Item Positioning and Sizing
A report consists of three main areas: 
the page header, page footer, and the body. Reporting Services supports 
the freeform placement of report items in a report. Data regions can be 
side-by-side with other regions, or nested within groups.
When designing reports, it is important 
to understand how items will behave if they grow. The items in a report 
may grow either horizontally or vertically, depending on section 
repeats, content size, and on such rendering-specific reasons as font 
substitutions.
When an item grows, such as a table, it 
pushes peer items out of the way. Specifically, peer items are those 
items within the same parent container. Following are the two ways in 
which peer items are shifted:
- Each item moves down to maintain minimum spacing between itself and all the items ending above it.
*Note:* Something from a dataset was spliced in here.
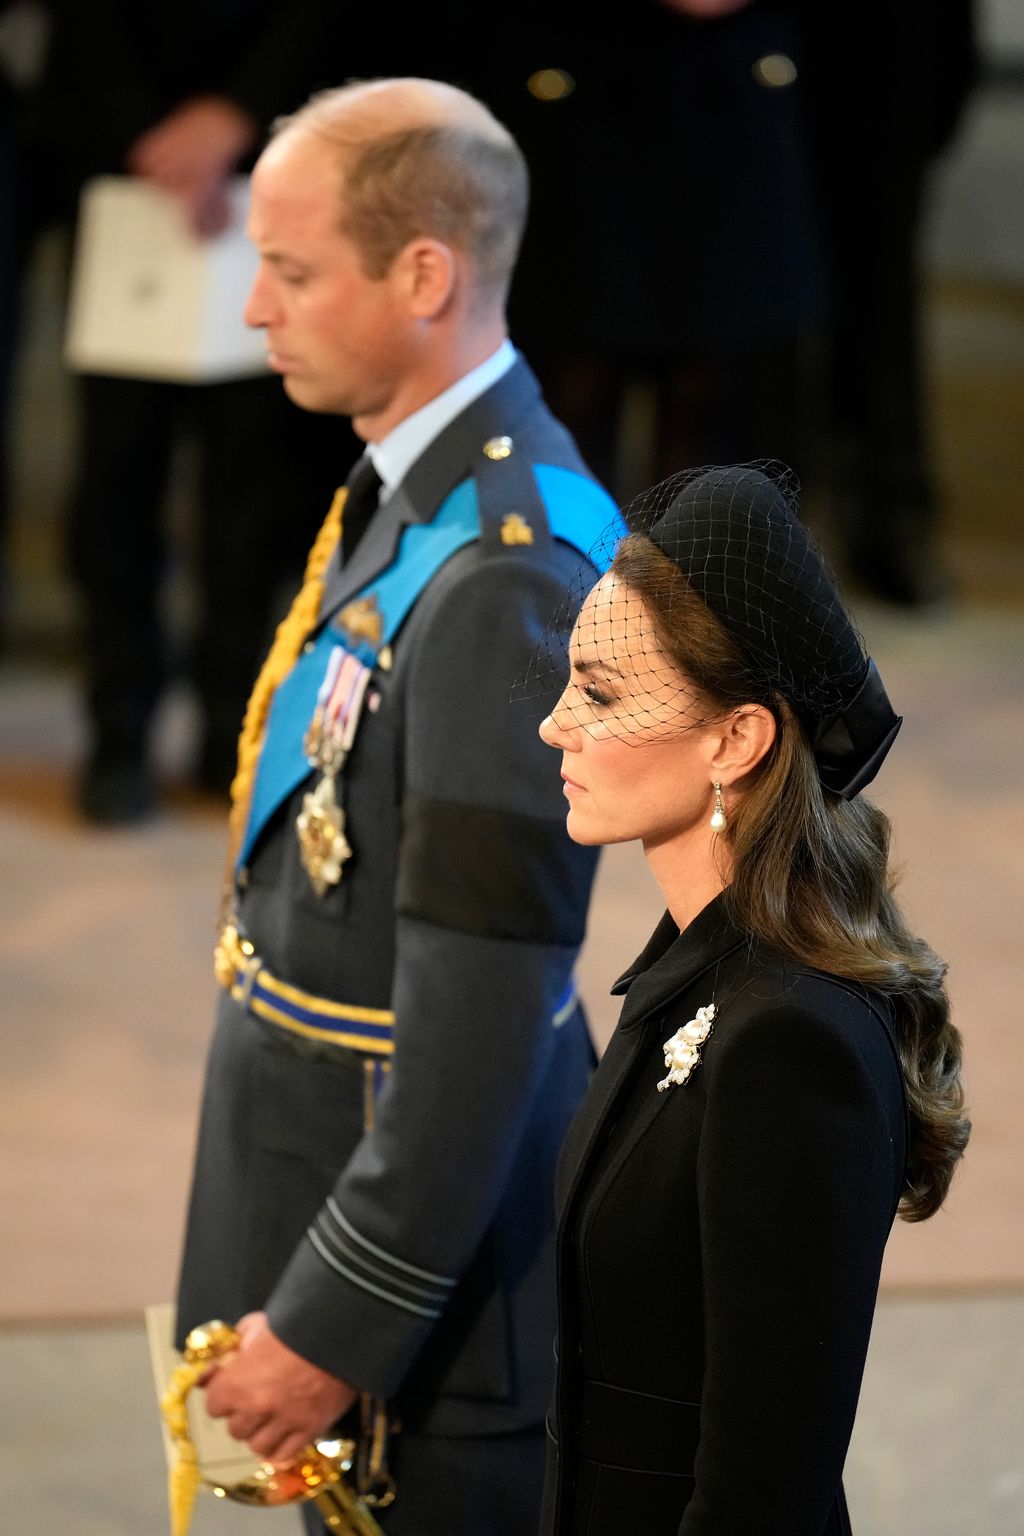 LONDON, ENGLAND - SEPTEMBER 14: Prince William, Prince of Wales and Catherine, Princess of Wales pay their respects in The Palace of Westminster during the procession for the Lying-in State of Queen Elizabeth II on September 14, 2022 in London, England. Queen Elizabeth II's coffin is taken in procession on a Gun Carriage of The King's Troop Royal Horse Artillery from Buckingham Palace to Westminster Hall where she will lay in state until the early morning of her funeral. Queen Elizabeth II died at Balmoral Castle in Scotland on September 8, 2022, and is succeeded by her eldest son, King Charles III.  (Photo by Christopher Furlong/Getty Images)

- Each item moves to the right to maintain minimum spacing between itself and the items ending to the left of it.
If an item grows so that it would extend
 beyond the bounds of the containing item, the container grows to 
accommodate the contained item.
If an item overlaps another item, the Index element in the report definition determines which element overlaps the other. The item with the higher Index value is rendered on top of the item with the lower value.
There also are techniques you can use to
 control the way items grow and move other report items. For information
 about using rectangles to group items, see the section “Useful Tips for
 Report Design” later in this paper.
Pagination
One key design issue for long reports is controlling where the page breaks occur. Page breaks are controlled by two factors:
- Page size
- Page breaks that you specifically include before or after objects
Page Size
To control page size, set the page height and width properties for the report by using the following guidelines:
- For rendering formats that render physical pages, use the Page Height and Page Width properties for the report.
- Interactive rendering formats, such as HTML, do not render physical page breaks. Instead, use the Interactive Height and Interactive Width properties to create a soft page break.
- Some rendering formats, such as Excel, do not support page size. For these reports, you will have to specifically include page breaks to break the report into multiple pages.
Note that if the report itself is wider than the defined page width, the report will break across multiple pages horizontally.